For a list of values $x_1,\ldots,x_n$, you can compute a Merkle tree with the root $h_n$. For a given $h_n'$ claimed to be $h_n$, you can shorten the verification by revealing the authentication path of length $log_2(n)-1$ between any known leaf hash $f(x_i)$ and the claimed $h_n'$.

By defining the wormhole $w_{i,n}$ as the authentication path between $f(x_i)$ and $h_n$, you can verify that $h_n' = h_n$ in $log_2(n)$ calls to $f$. As pseudo-code:

def verify(f_x_i, w, h_n):
    h_i = f_x_i
    for h_j in w:
        h_i = f(h_i + h_j)
    return h_i == h_n

You can then call verify(f(x_i), w_i_n, h_n'). Specifically, to verify $h_n'$ does not require all previous hashing, only a subset of logarithmic size called the authentication path.
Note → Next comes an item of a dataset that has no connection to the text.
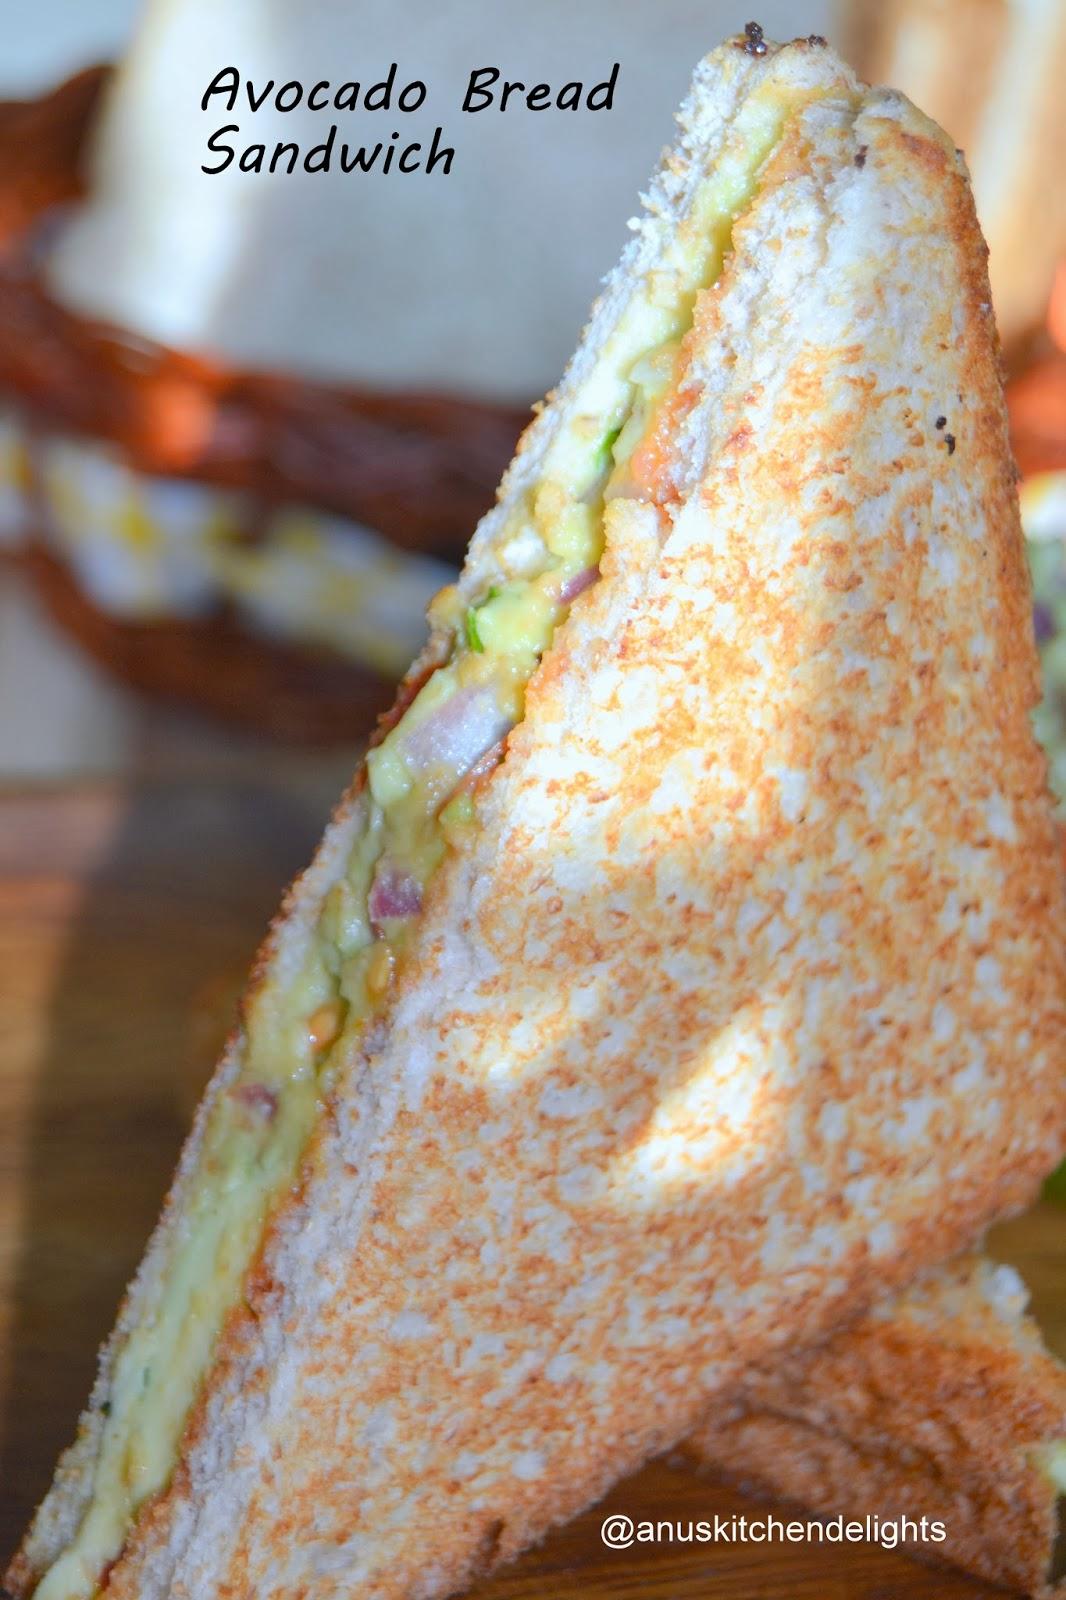 Avocado Bread Sandwich
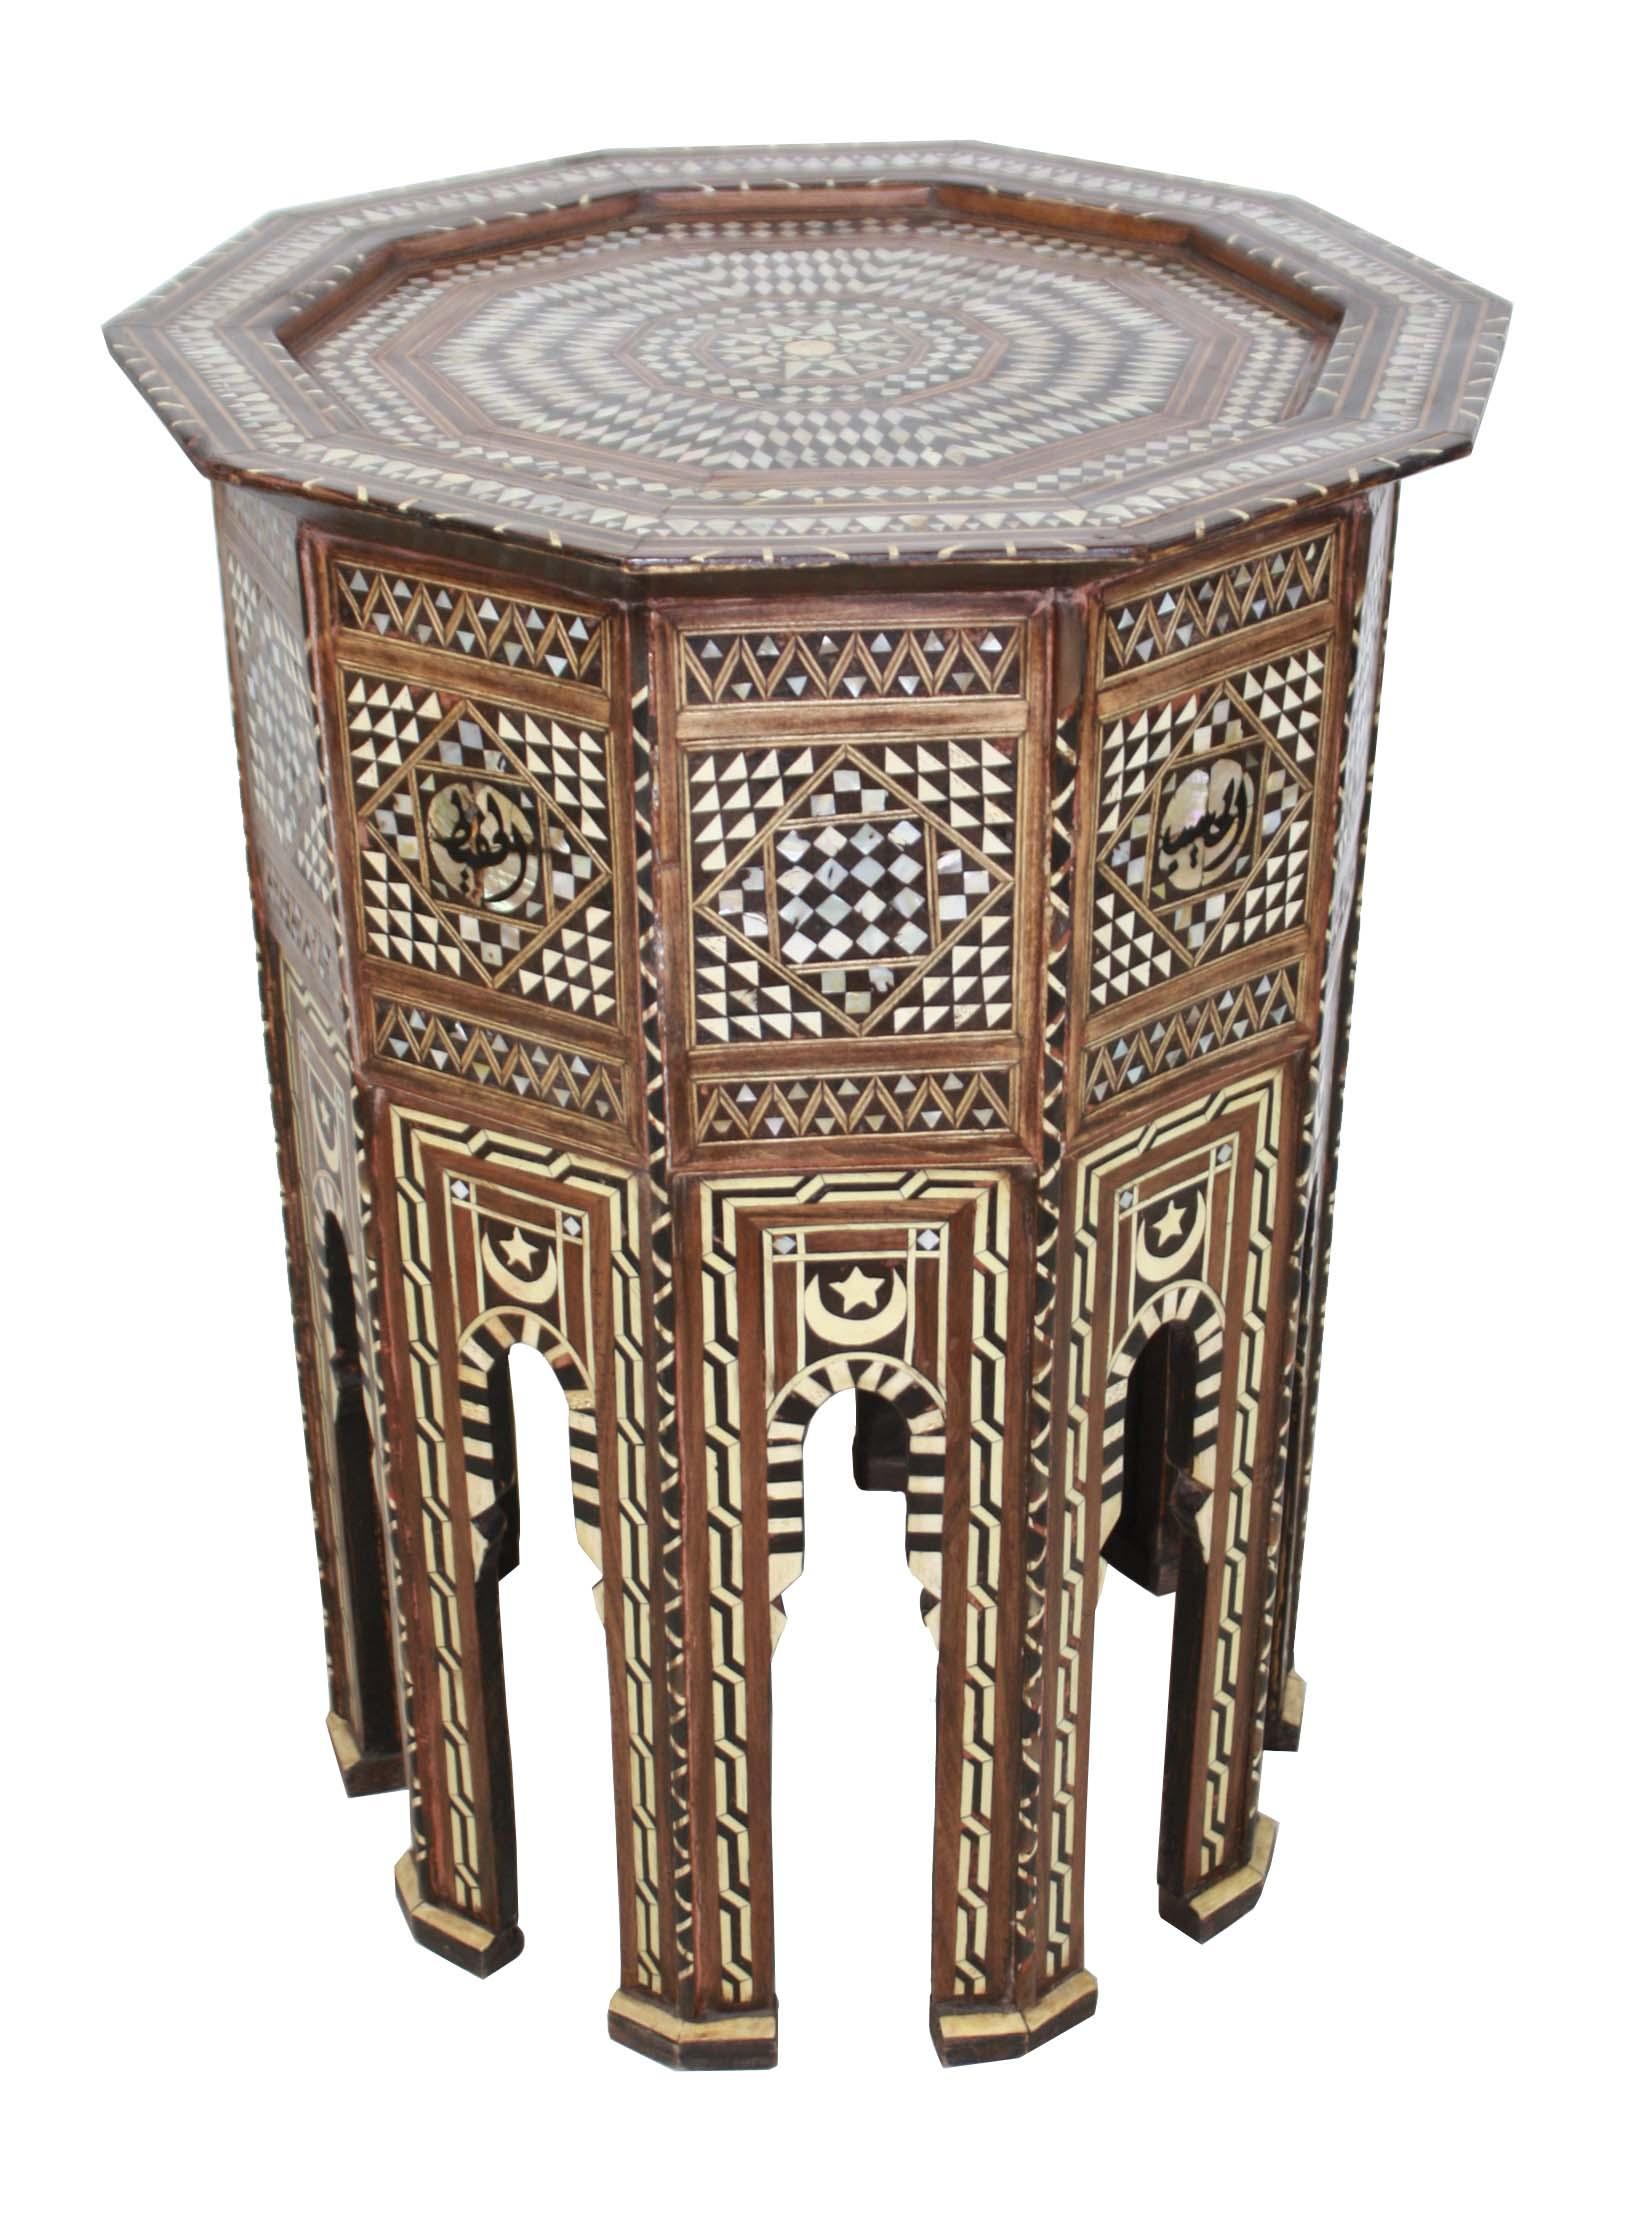 syrian-dining-room-furniture-new-york-mop-st070-1.jpg

The drawback of using a Merkle tree here is that we have to assume that it's perfectly balanced, i.e. that $n = 2^k$ for some $k$, and appending requires rebuilding the tree, so no gain. Appending your $h_i$ to a Merkle Mountain Range instead, there is something similar to an authentication path to show that it lives under a set of peaks rather than under one root.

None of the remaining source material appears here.